Suppose $\mathcal{X}$ and $\mathcal{Y}$ are normed vector spaces and $T\in L(\mathcal{X},\mathcal{Y})$. Let $N(T)=\{x\in \mathcal{X}: Tx=0\}$ be the kernel.
a) $N(T)$ is a closed subspace of $\mathcal{X}$
Here is my proof:
For a sequence $x_n\in N(T)$, suppose $x_n\to x\in \mathcal{X}$, we have $\Vert T(x_n)-T(x)\Vert\leq \Vert T\Vert\Vert x_n-x\Vert\to 0$. So $\Vert T(x)\Vert=\Vert T(x_n)-T(x)\Vert=0$ which implies $T(x)=0$. Thus, $x\in N(T)$ which gives that $N(T)$ is closed.
Is it right?
b) There is a unique $S\in L(\mathcal{X}/ N(T), \mathcal{Y})$ s.t. $T(x)=S(\pi(x))$ where $\pi: \mathcal{X}\to \mathcal{X}/N(T)$ is the projection. Moreover, $\Vert S\Vert=\Vert T\Vert$.
But HOW TO prove b)?
Your backslash should be a slash, it's just the quotient.
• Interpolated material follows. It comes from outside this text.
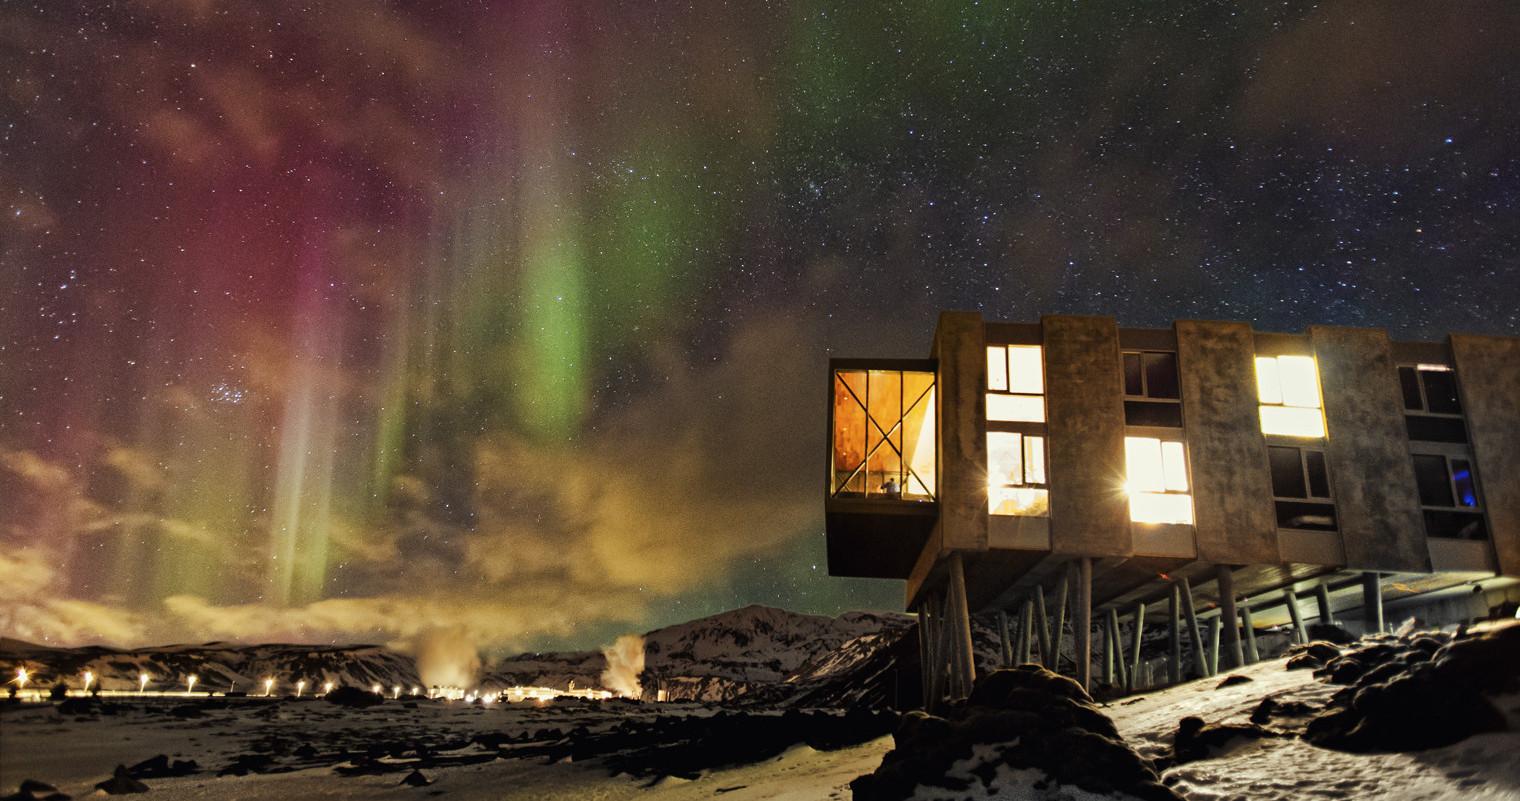 lujo aventura hielo y fuego ion hotel en islandia. Black Bedroom Furniture Sets. Home Design Ideas

You define $$\tag1 S(x+N(T))=Tx. $$ This is well-defined because if $x+N(T)=y+N(T)$ then $x-y\in N(T)$ and so $Tx=Ty$. The equation $S\circ\pi=T$ is precisely $(1)$.
Finally, given $\varepsilon>0$, there exists $x$ with $\|x\|=1$ and such that $\|Tx\|>\|T\|-\varepsilon$. As $\pi$ is a contraction, $\|x+N(T)\|\leq 1$. So $$ \|S(x+N(T))\|=\|Tx\|>\|T\|-\varepsilon\geq(\|T\|-\varepsilon)\,\|x+N(T)\|. $$ Thus $\|S\|\geq\|T\|-\varepsilon$. As $\varepsilon$ was arbitrary, $\|S\|\geq\|T\|$. On the other hand, for any $y\in N(T)$ $$ \|S(x+N(T))\|=\|Tx\|=\|T(x+y)\|\leq\|T\|\,\|x+y\|. $$ Taking infimum over $y$, we get $$\|S(x+N(T))\|\leq\|T\|\,\|x+N(T)\|,$$ and so $\|S\|\leq\|T\|$.